EXTRACTED RECORDS:
- - - - - - -

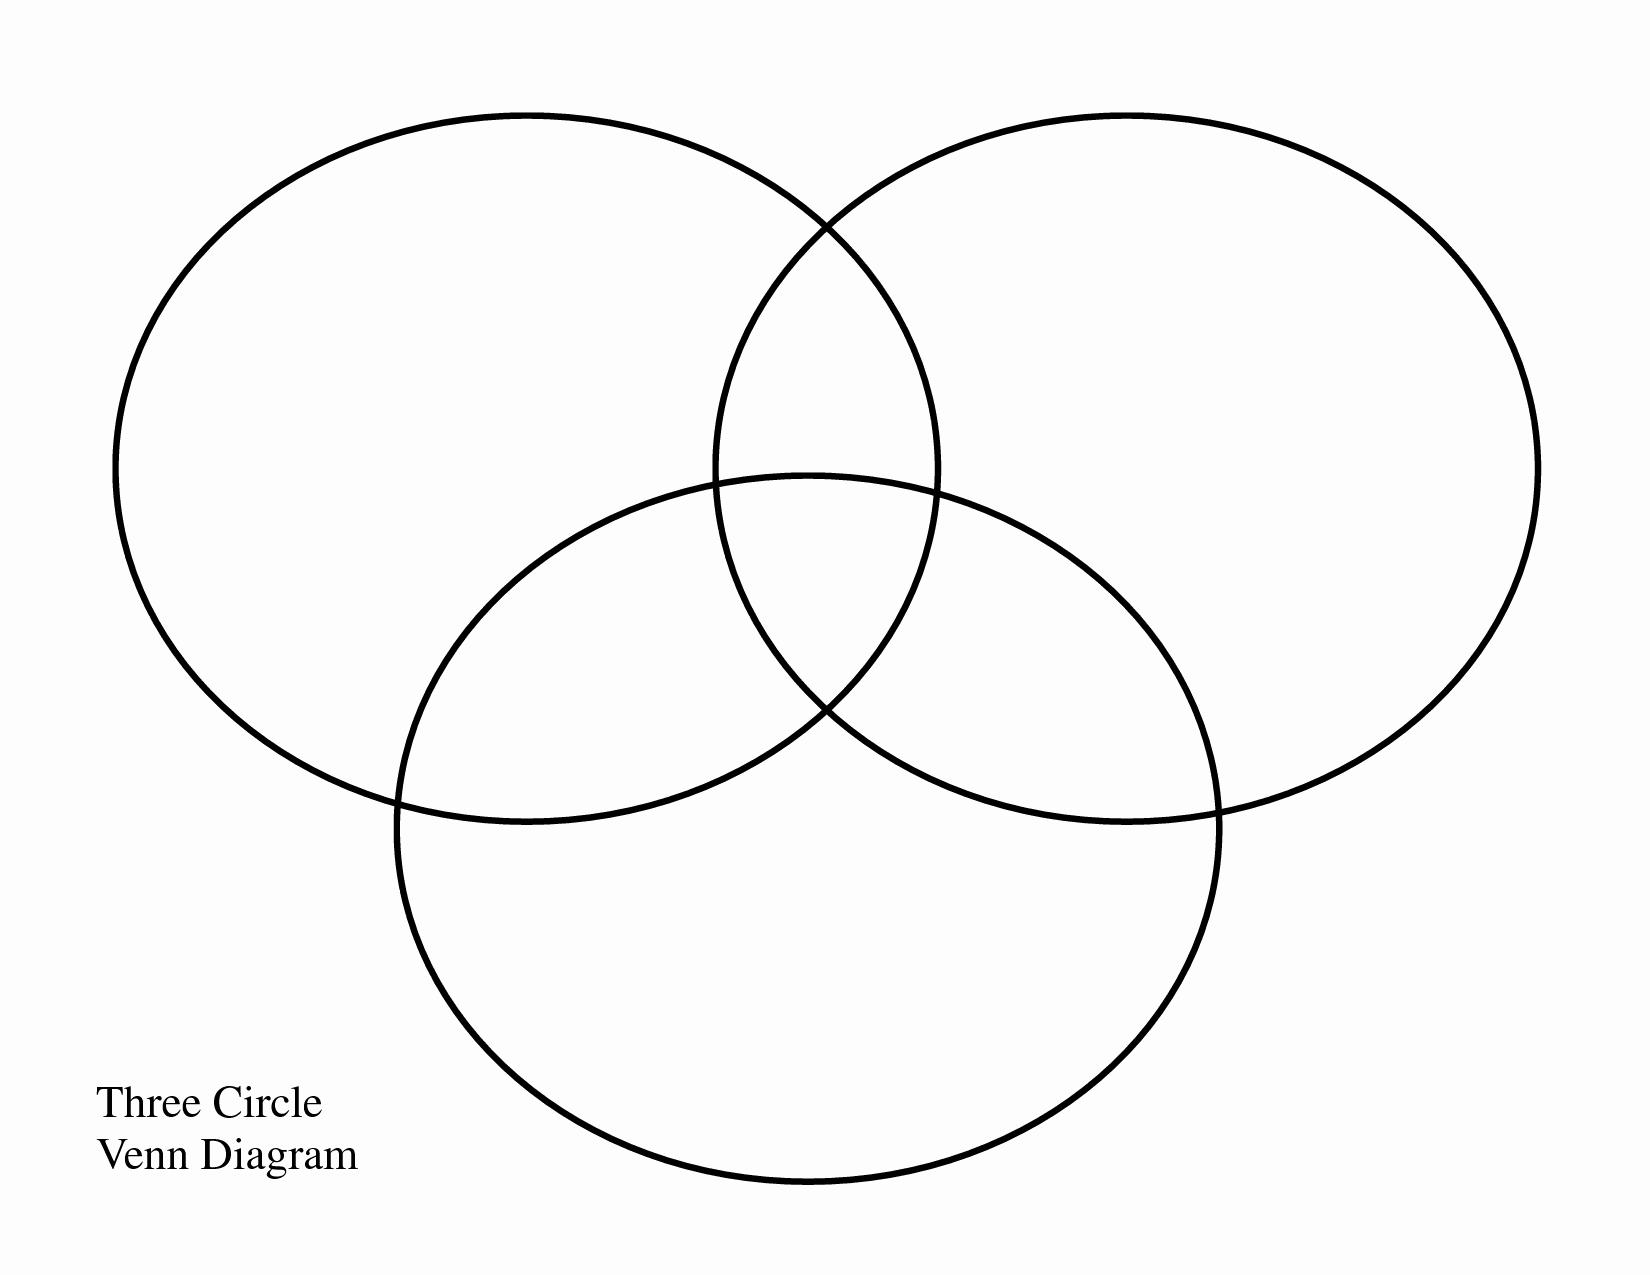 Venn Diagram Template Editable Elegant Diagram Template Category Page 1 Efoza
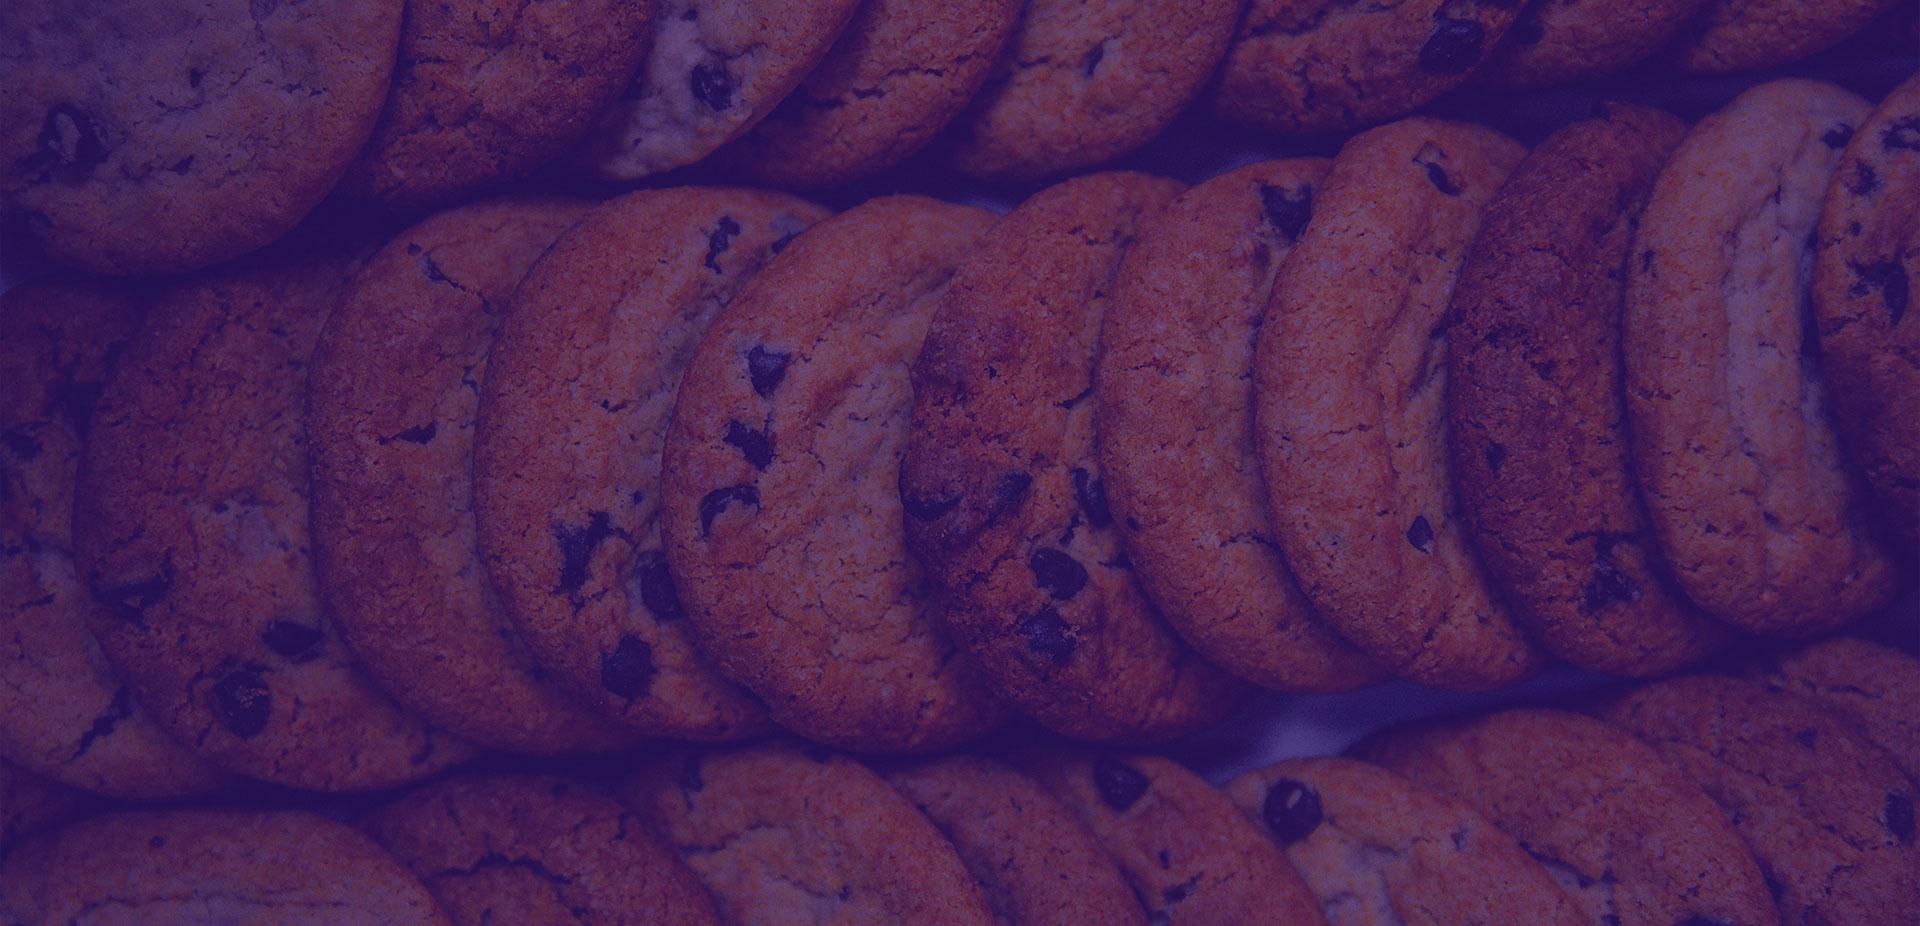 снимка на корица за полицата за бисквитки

- - - - - - -

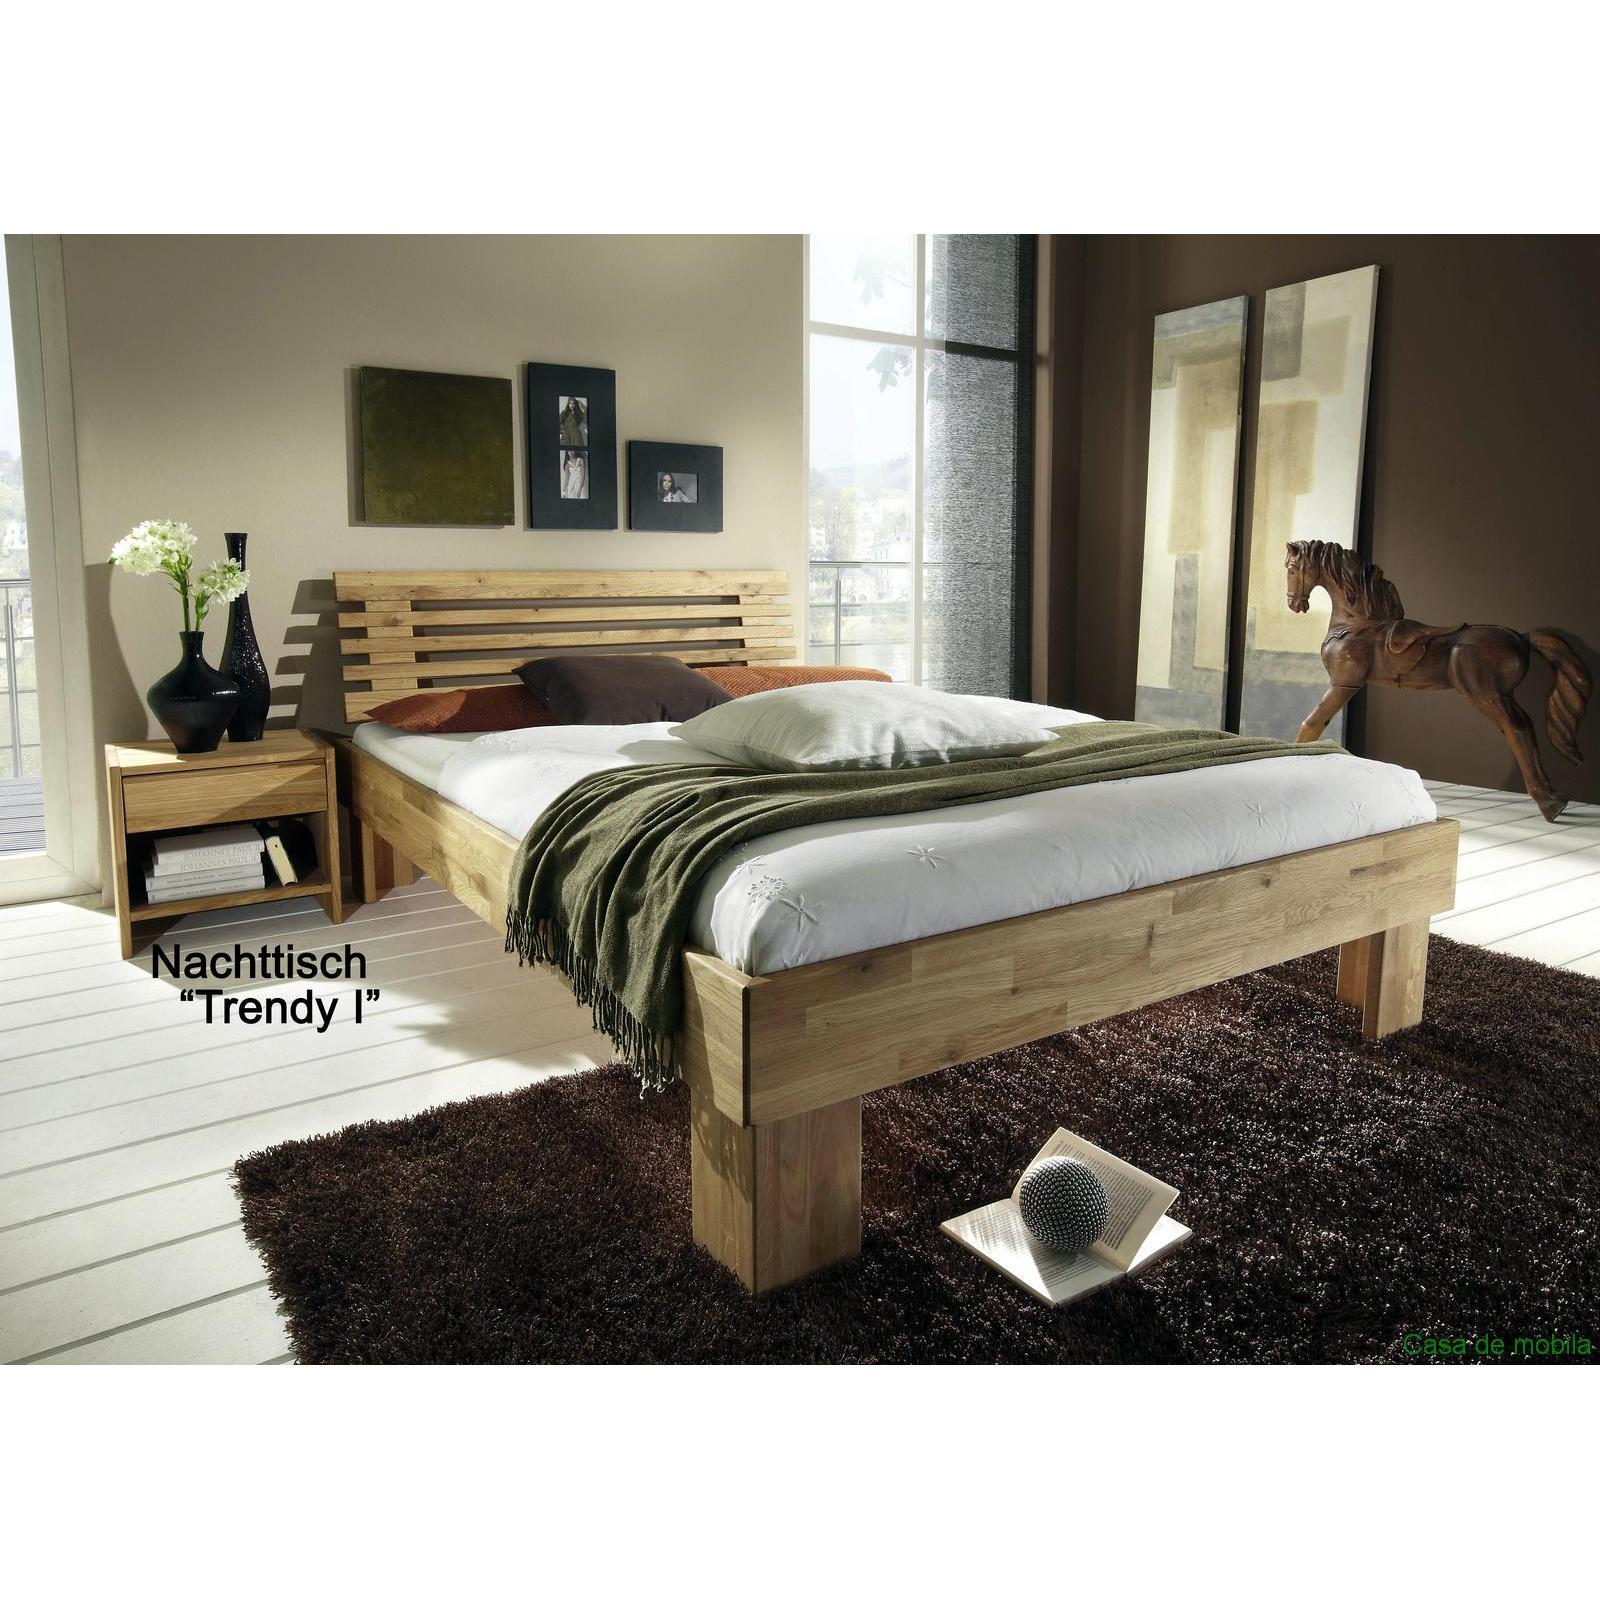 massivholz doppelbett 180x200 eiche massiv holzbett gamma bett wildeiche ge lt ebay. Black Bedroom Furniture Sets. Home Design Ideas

- - - - - - -

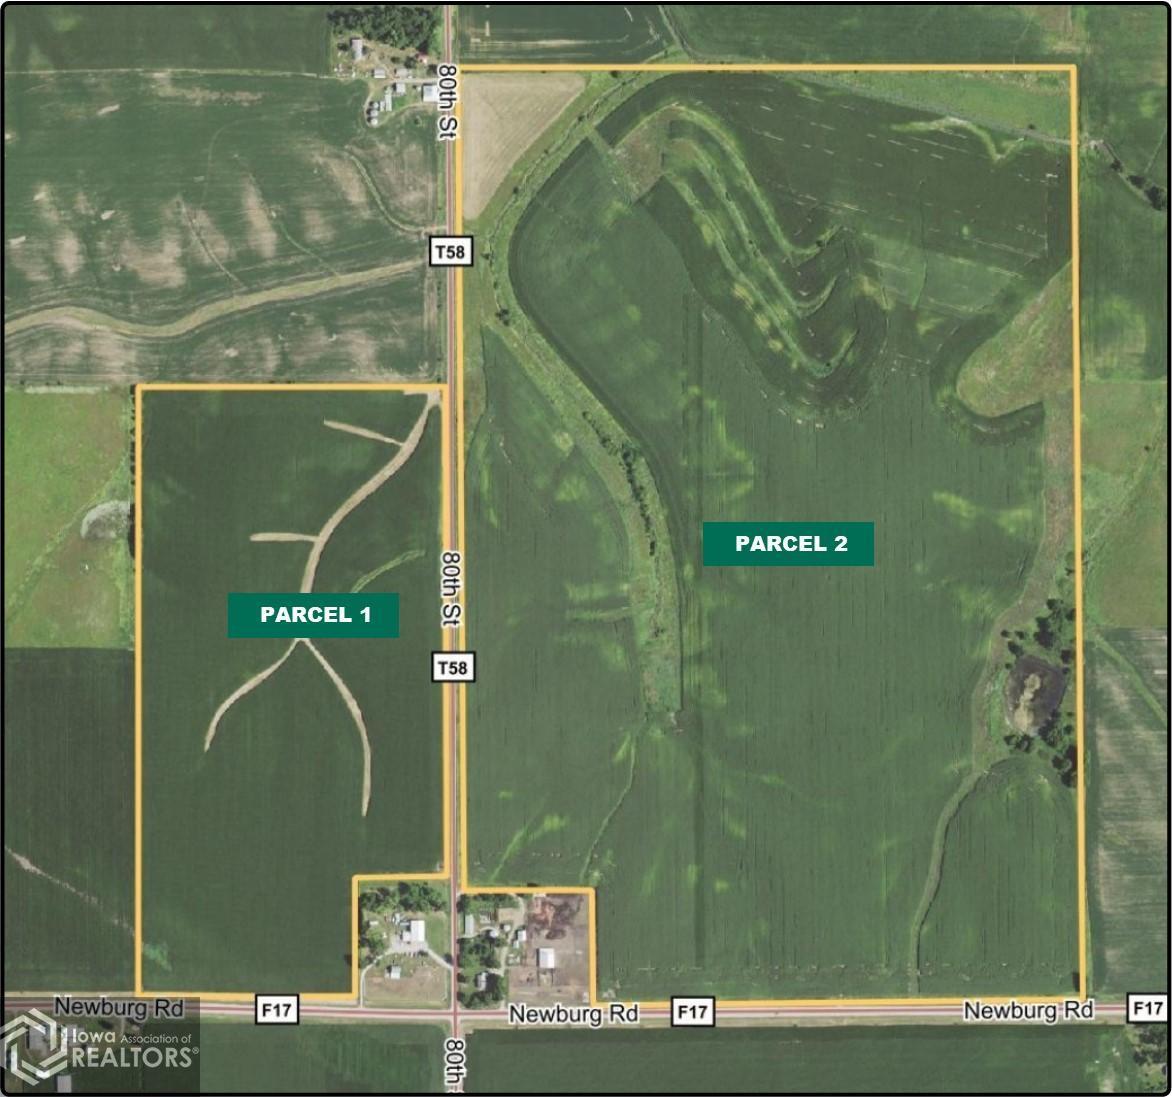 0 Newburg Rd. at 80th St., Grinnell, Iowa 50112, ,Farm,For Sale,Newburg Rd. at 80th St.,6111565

- - - - - - -

TRY IT:
Retype, exactly and with no pictures, everything above from the line with "Venn Diagram Template" down to the line with "снимка на корица за полицата за бисквитки", both included.

PROBLEM SOLUTION:
 Venn Diagram Template Editable Elegant Diagram Template Category Page 1 Efoza
 снимка на корица за полицата за бисквитки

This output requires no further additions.